Pyqg decomposes this into contributions from APE, KEflux, and parameterisation contributions. From equation E2 from Pavel's paper, the spectral energy transfer is just the cross spectrum of conj(qh) with the rhs, so we can simplify this to reduce the likelihood of a bug or some miscalculation in transferring the syntax over.

Spin-up phase doesn't form eddies in Arakawa scheme

May be related to #8 , there's some bug somewhere in the solver.
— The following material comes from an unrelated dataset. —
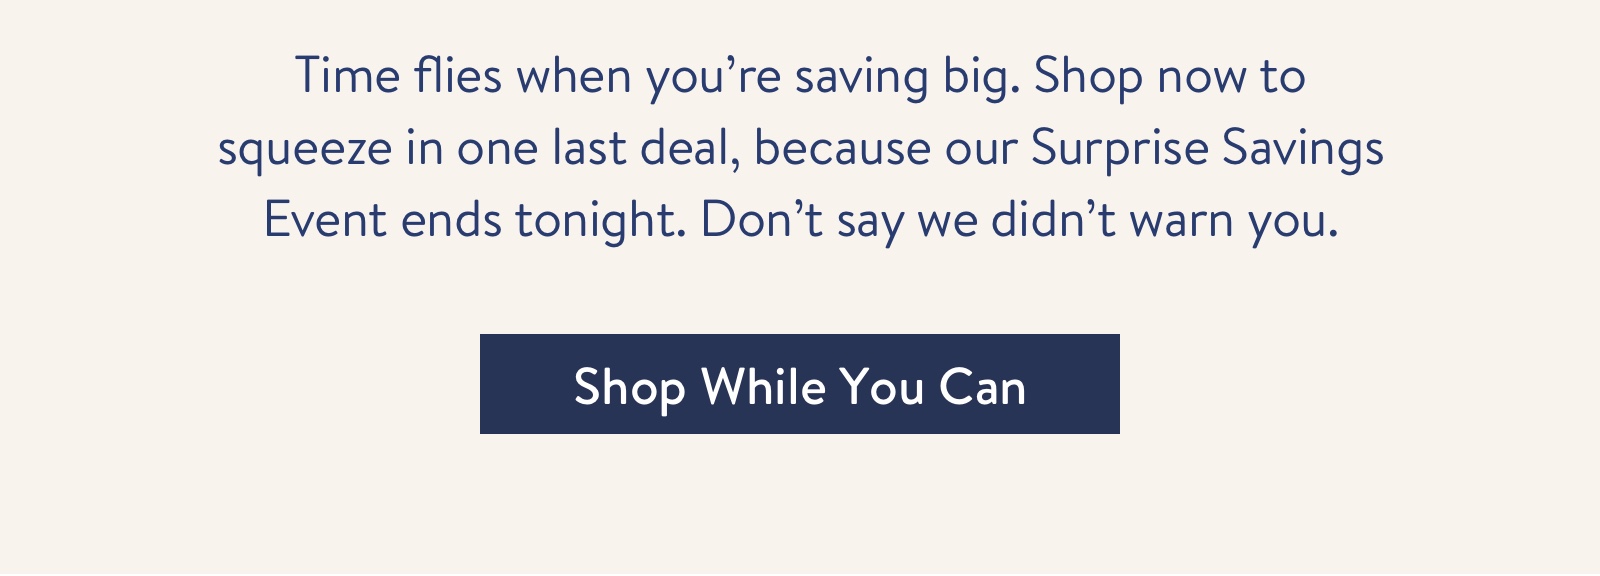 Shop now to squeeze in one last deal, because our Surprise Savings Event ends tonight.

When starting from the same initialisation procedure as pyqg, with these vertical bands and small random noise, no matter how long I evolve our torch system, the system does not form eddies - the dynamics just continue varying the pv in vertical bands. This is only the case in the Arakawa advection scheme - the spectral solver does form eddies (although they explode, but that's another issue).

Add 2/3 dealiasing filter for pseudospectral system

We see significant difference compared to pyqg for low res sims. We have only changed the advection scheme and removed the exponential filter, so it would be nice to know which of thesse two modifications caused this (particularly now as the backscatter is captured even with nx=48 simulations, which is a dramatic difference to pyqg).

Pseudospectral method with 2/3 dealiasing should be equivalent to Arakawa - this scheme also conserves PV. We would need to add Smagorinsky here again, in place of the exponential filter, but it would be interesting to see if that system produces similar spectral characteristics to the Arakawa + smag. Pavel put a PR for pyqg here.

Test Euler vs AB3 over short trajectories

Came up in the NYU-ML meeting, that when Karl was running his short trajectories, the low res sim would have to be initialised from a fresh set of potential vorticities, which would mean the first step was Euler, then AB2, then AB3. Test how much of a difference that makes, also whether we can just run Euler for ~25 timesteps or so (would be a significantly cheaper computational graph for online training)

Increasing domain size boosts inverse cascade for low res sims

my current intuition says this should not be the case. Am I wrong or is the code wrong?

Add spectral kernel

Add parameterisation contributions to spectral energy transfer

Currently we are only considering the resolved field, so we need to add KE and APE contributions from the parameterisation. Might impact our arakawa+smag spectral transfer plots on backscatter range.

Add typing

Once the structure is a bit more established, add typing to class/function arguments to improve stability

Float32 vs 64

When it comes to running on gpu, we'd be a lot more efficient with float32. In the current main branch, the wavenumbers (used to calculate the determinant of the elliptic eq inversion) are float32, and changing this doesn't impact the spectra/statistics of high res fields, despite having some impact on the matrix inversion:

Since this is the most sensitive part of the code to numerical precision, if this isn't impacted, maybe we can just run in 32? Lets compare pyqg64, torchqg64, torchqg32 and see if the spectra are different.

Comparison with pyqg

Add online training

Made a start on this in #35. One consideration will be the renormalisation that goes on in the CNN parameterisation, and whether this will lead to numerical issues in the gradient flow. I guess let's just try with the most straightforward set up, and see if we see some kind of convergence. If not, this would be one place to look.